Under-Sampling - Building a sample dataset 

In [None]:
legit_sample = legit.sample(n=492)  # take random data points

In [None]:
# concatenating two DataFrames

new_dataset = pd.concat([legit_sample,fraud],axis = 0)

In [None]:
new_dataset.head()

In [None]:
new_dataset["Class"].value_counts()

In [None]:
new_dataset.groupby("Class").mean()     

In [None]:
X = new_dataset.drop(columns = "Class",axis = 1)
Y = new_dataset["Class"]

In [None]:
print(X)

In [None]:
print(Y)

In [None]:
# Split the data into training and test data

X_train, X_test, Y_train, Y_test = train_test_split(X,Y,test_size = 0.2,stratify = Y,random_state = 2)

In [None]:
print(X.shape,X_train.shape,X_test.shape)

**Model Training**

In [None]:
# Logistic Regression 

datamodel = LogisticRegression()

In [None]:
# training the logistic regression model with Training data

datamodel.fit(X_train,Y_train)

**Model Evaluation**

In [None]:
# accuracy on training data

X_train_prediction = datamodel.predict(X_train)
training_data_accuracy = accuracy_score(X_train_prediction, Y_train)
print("Accuracy : ",training_data_accuracy)

In [None]:
# accuracy on testing data

X_test_prediction = datamodel.predict(X_test)
testing_data_accuracy = accuracy_score(X_test_prediction, Y_test)
print("Accuracy : ",testing_data_accuracy)

In [None]:
# Updating values 

credit_card_data.loc["284802","V2"] = "280000"
credit_card_data

In [None]:
# removing rows having null values

credit_card_data.dropna()

In [None]:
# deleting column 

del credit_card_data["V5"]
credit_card_data

In [None]:
# sorting data by default in ascending order

credit_card_data.sort_values("V4")

In [None]:
# finding data between (1,100)

mask = credit_card_data["V4"].between(1,100)
mask
credit_card_data[mask]

In [None]:
credit_card_data["V4"].duplicated()    # to find if duplicate element exist or not

In [None]:
credit_card_data["V4"].nunique()    # checking for unique elements in V5 column

In [None]:
credit_card_data.iloc[0]      # accessing value using numeric index

In [None]:
credit_card_data.iloc[[0,100,1000]]    # shows dataframe as multiple values

In [None]:
credit_card_data.sample(n = 4,axis = 1)   # number of random columns

In [None]:
credit_card_data.sample(frac = 0.3)    # we want 30 percent of the original data

In [None]:
credit_card_data.nsmallest(1,"V4")

In [None]:
credit_card_data.index.get_level_values(0)   # fetching index

In [None]:
credit_card_data["V6"] = credit_card_data["V6"].mul(2)
credit_card_data

In [None]:
# Adding new column 

credit_card_data["Payment"] = "1000"
credit_card_data

In [None]:
# inserting new column at index 4 having value as "online"

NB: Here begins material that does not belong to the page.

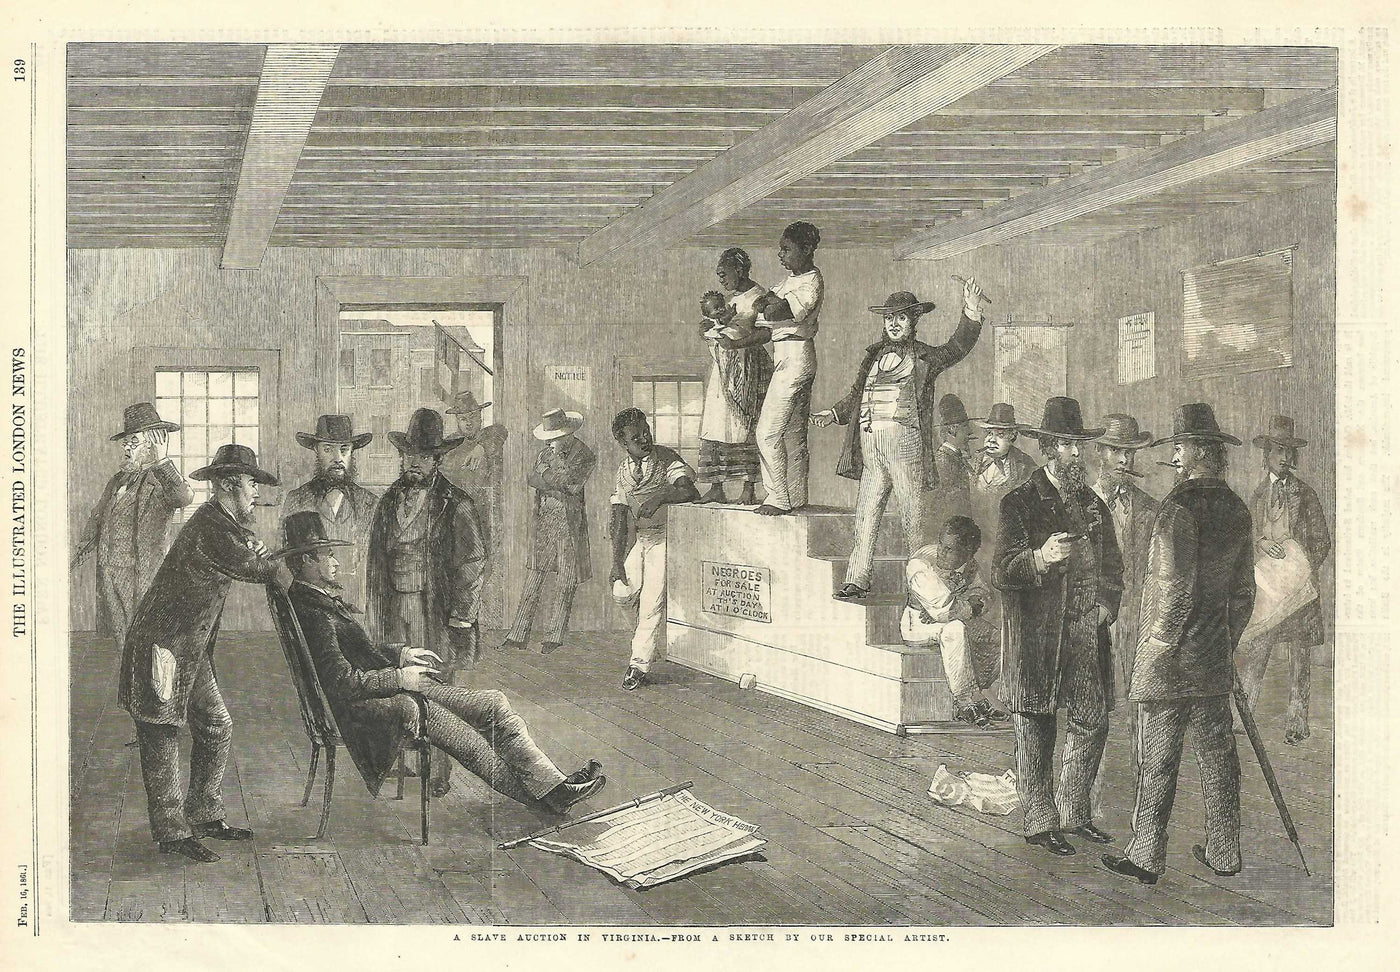 Slave auction in Virginia months prior to American Civil War
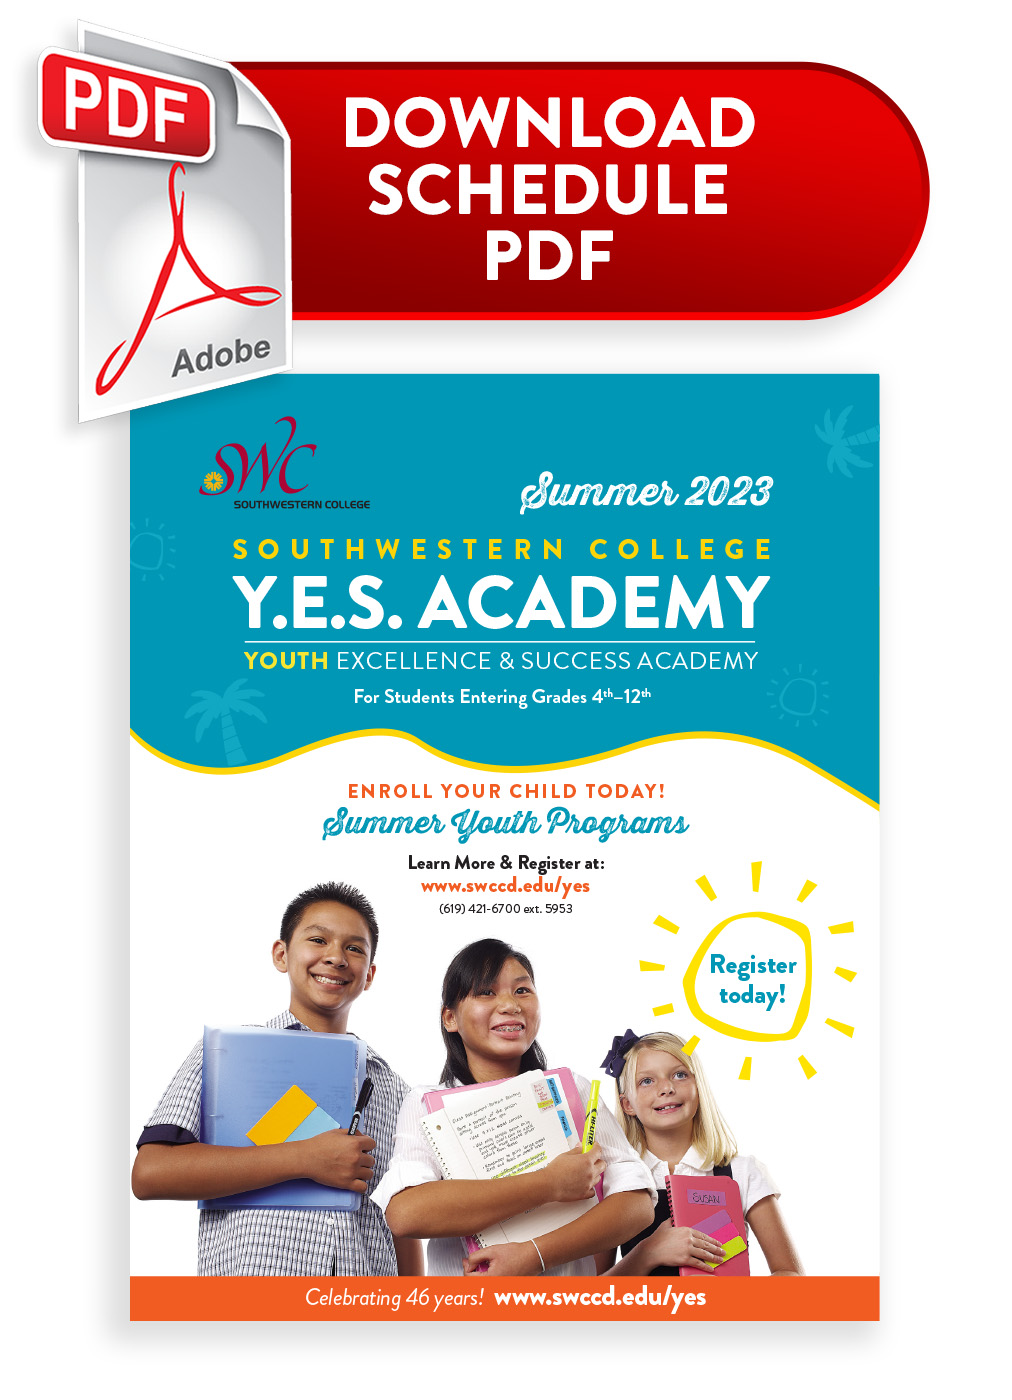 Y.E.S. academy Schedule in PDF

credit_card_data.insert(4,"Mode_","online")
credit_card_data

**DATA VISUALIZATION**

In [None]:
def countplot_data(data,feature):
    plt.figure(figsize = (5,5))
    sns.countplot(x = feature, data = data,palette = "Set1")   # countplot is used to display the count of categorical observations 
    
    plt.title("Transaction Class Distribution")
    plt.show()
def paiplot_data_grid(data,feature1,feature2,target):
    sns.FaceGrid(data,hue = target,height = 6).map(plt.scatter,feature1, feature2).add_legend()
    plt.xticks(range(2),LABELS)
    plt.legend()
    plt.show()
countplot_data(credit_card_data,credit_card_data.Class)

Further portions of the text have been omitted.